Here the content and form of the message becomes important.

If an infographic or video is forwarded that has enough emotional and psychological appeal, especially during charged times, voters will be influenced,” says Mahapatra. Elaborating on her own research findings, she adds that more videos will be forwarded in the 2019 campaign as already 30 per cent of users use mobilephones for videos and internet speeds are set to increase sharply in India this year, bridging the urban-rural digital divide to a large extent.

She feels that videos and messages that have psychological impact can work both ways: “They might suddenly push people to vote or can lead to voter suppression.” She also cautions, “Political parties can buy bulk numbers for WhatsApp—in some parts of India for as less as 10 paise—and create large groups for targeted messaging campaigns. Hyper segmentation of voters can be done by creating constituency-wise heat maps of voters based on their information from electoral rolls, supplemented by data about their caste or religion by field agents of the party. After getting their telephone numbers and making their economic profile [through information from their electricity bills], specific messages can be sent to them.” So, yes, WhatsApp as well as local language messaging services like ShareChat and Helo will play a crucial role in influencing voters, she says.
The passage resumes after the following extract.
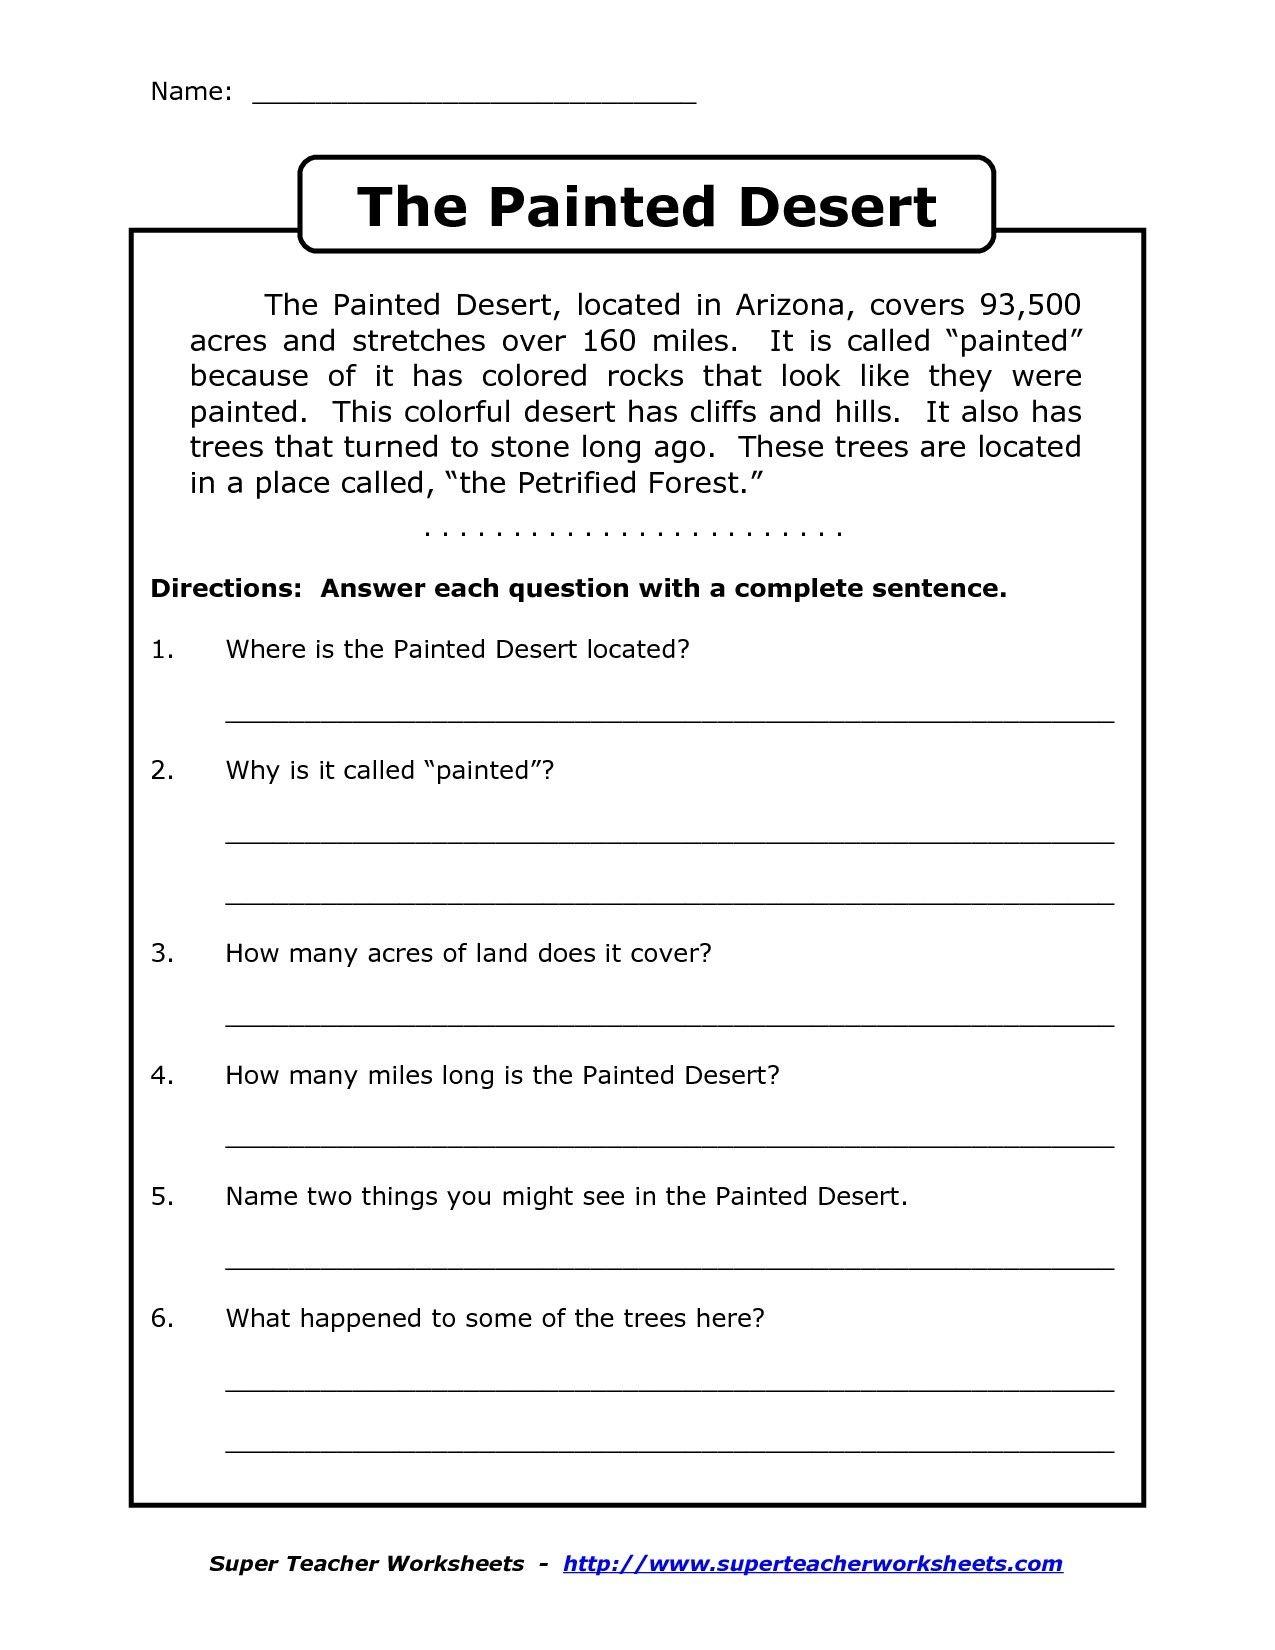 Image Result For Free Printable Worksheets For Grade 4 Comprehension - Free Printable 3Rd Grade Reading Worksheets

There are other concerns gaining salience too. Mumbai-based cyber security specialist Ritesh Bhatia, who has closely followed various trends on WhatsApp groups, is worried about the growing incidence of cyber pornography through the app.He is also concerned about online impersonation; clever people can use the mobile numbers of their employees and even household helps who use feature phones to set up new WhatsApp groups, a crime that goes largely unreported. Bhatia says that political parties are devising new ruses to beat the new restrictions imposed by WhatsApp in India, a country where the political atmosphere appears far more vitiated now compared with the past several decades. Efforts to polarise people along religious lines are in full swing, too, with WhatsApp acquiring the epithet of being a ‘black box for fake news’ as its prized encryption technology turns into a weapon for hate mongers.

With key political parties battening down the hatches to tap the gains of a WhatsApp-oriented, high wattage, expensive campaign, it would take a leap of faith to expect fair play.